Numa declaração enviada às redações, a Amnistia Internacional Portugal considera “abusiva” a “citação de documentação histórica e religiosa sem ter em conta o devido contexto e enquadramento histórico e religioso”, classificando os fundamentos do polémico acórdão o Tribunal da Relação do Porto “como violadores das obrigações internacionais a que Portugal está vinculado”.
No acórdão, são invocados a Bíblia, o Código Penal de 1886 e até civilizações que punem o adultério com pena de morte, para justificar a violência cometida contra uma mulher por parte do marido e do “amante”.

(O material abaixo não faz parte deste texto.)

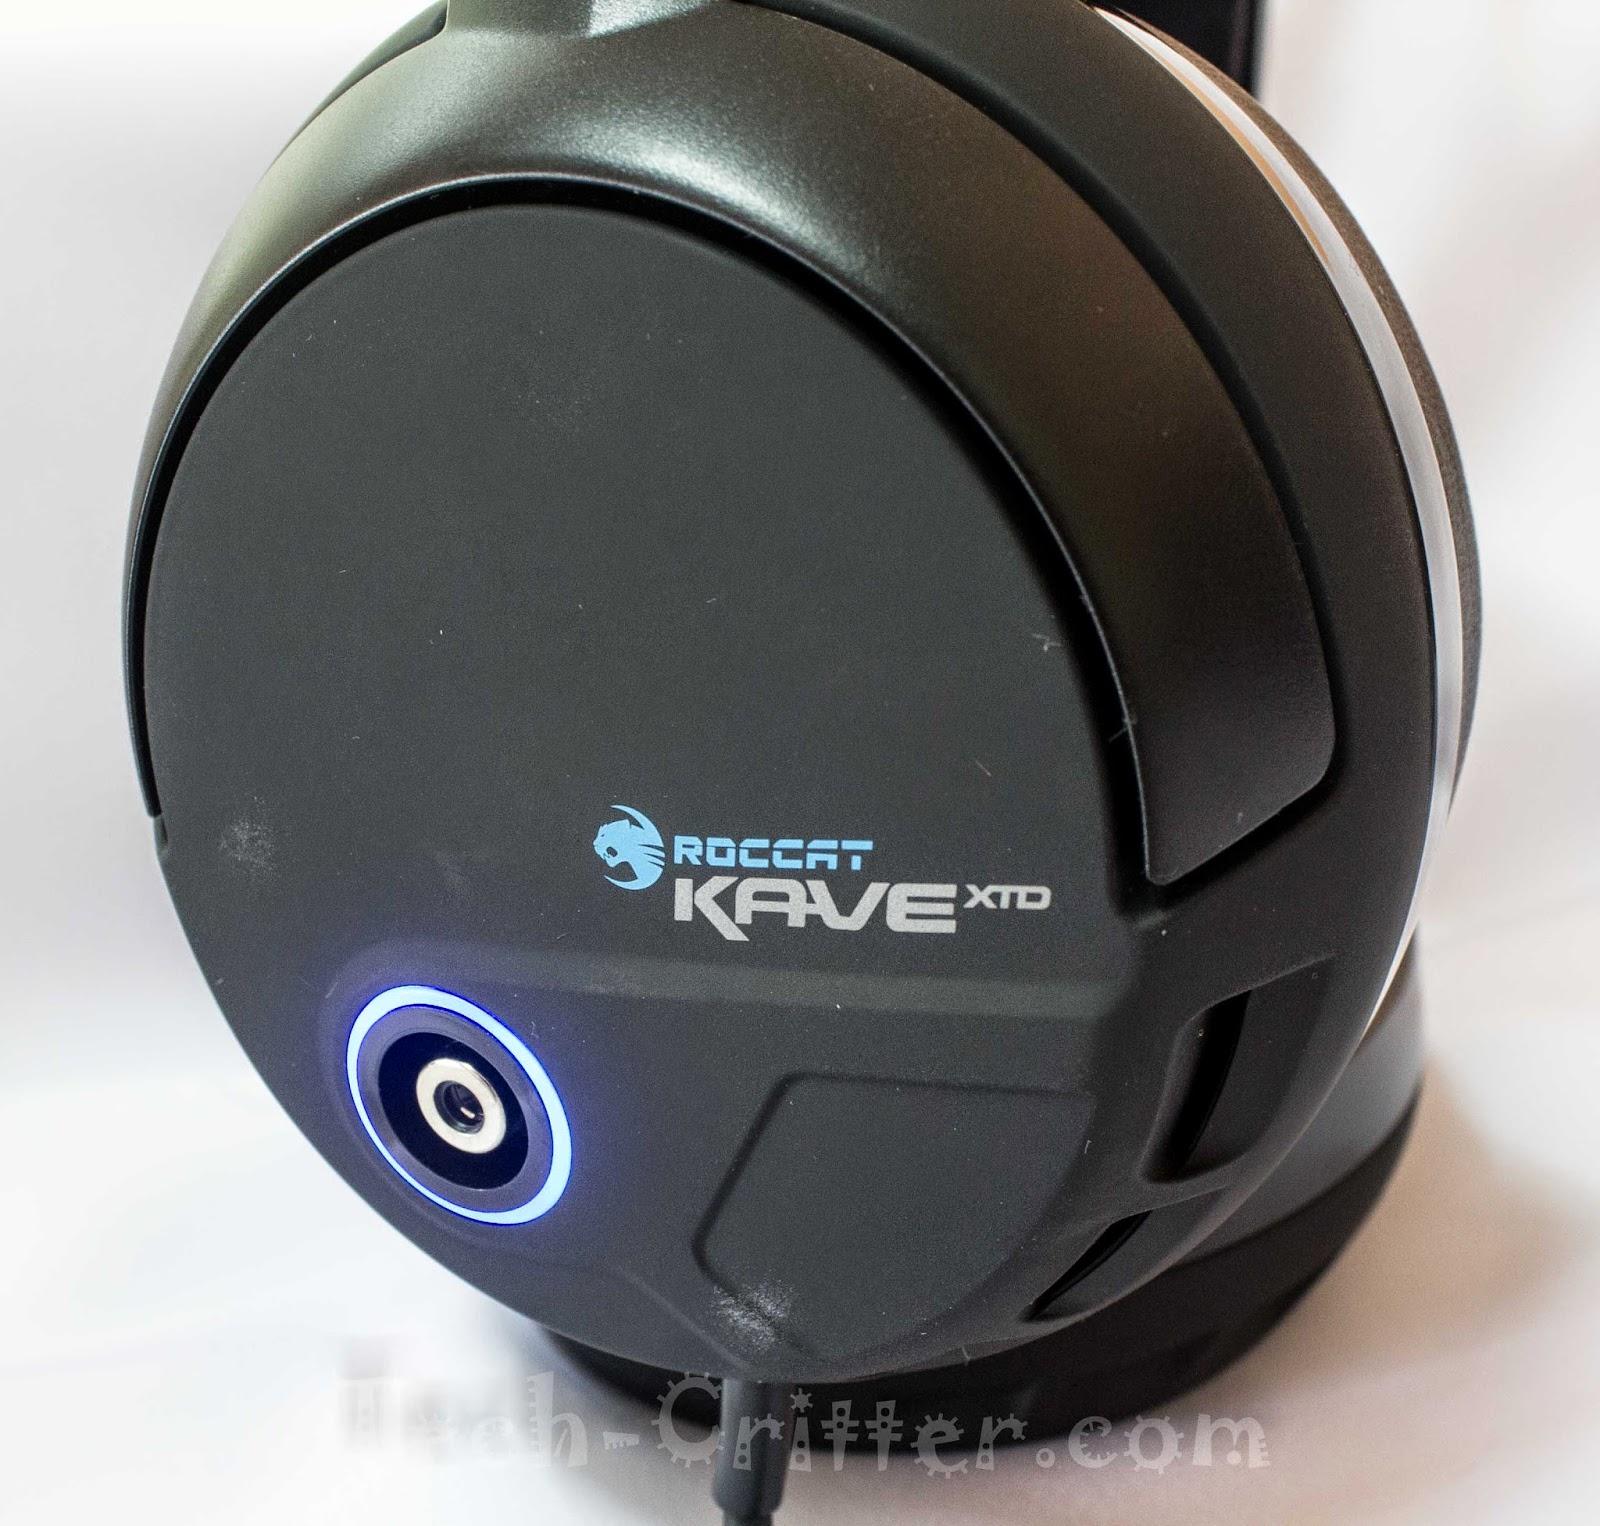 Unboxing & Review: Roccat Kave XTD 5.1 Digital Surround Sound Headset 67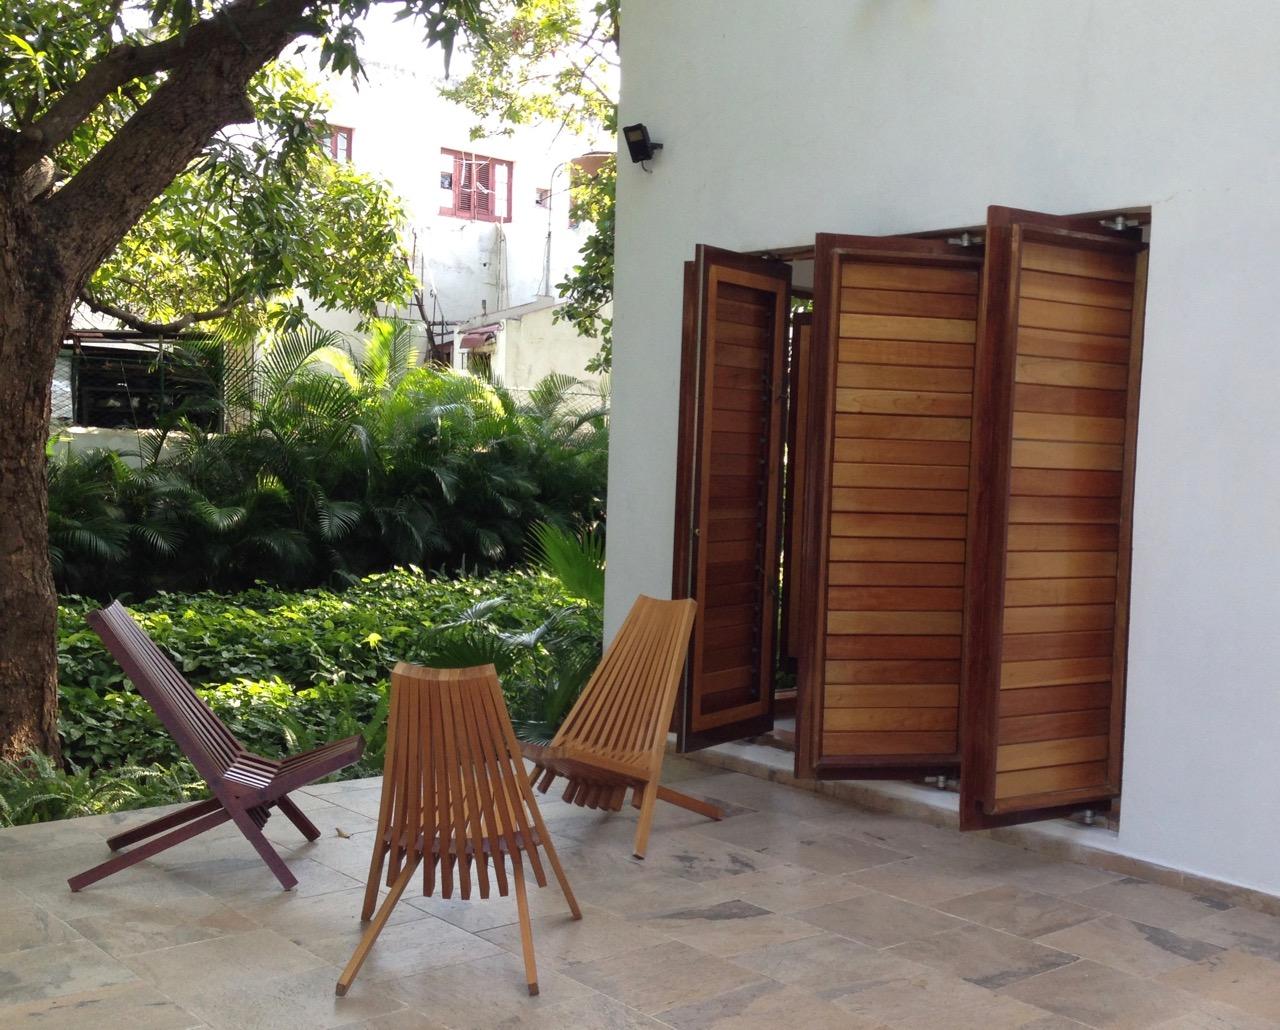 Cuba_Havana_Lab26Courtyard

“O adultério da mulher é um gravíssimo atentado à honra e dignidade do homem” é uma das frases que se pode ler no documento, que lembra ainda que “sociedades existem em que a mulher adúltera é alvo de lapidação até à morte” antes de acrescentar que “na Bíblia, podemos ler que a mulher adúltera deve ser punida com a morte”.
A Amnistia Internacional lembra que “apenas têm valor de lei os diplomas em vigor ao tempo da sua aplicação e não os diplomas legislativos que estejam revogados”, como é o caso do Código Penal Português de 1886, citado no acórdão. “A sua utilização revela a ineficácia da justiça portuguesa”, lamenta.
A organização considera ainda preocupante a citação da Bíblia, tanto pela “manifesta violação do princípio da separação entre Igrejas e Estado”, como pelo “abuso” que o uso de textos religiosos representa face a quem professa essa religião.
“Usar como atenuante de um crime de violência doméstica “a deslealdade e imoralidade sexual da assistente”, pela assunção de que “o adultério da mulher é uma conduta que a sociedade sempre condenou e condena fortemente” vai contra preceitos básicos de respeito pela dignidade humana e pelo Estado de direito, uma vez que se afasta a aplicação da lei para se decidir com base em pretensas regras de moral societária”, lê-se ainda no comunicado, que termina com um apelo aos “órgãos competentes” para que façam “cumprir as obrigações internacionais a que Portugal está adstrito”.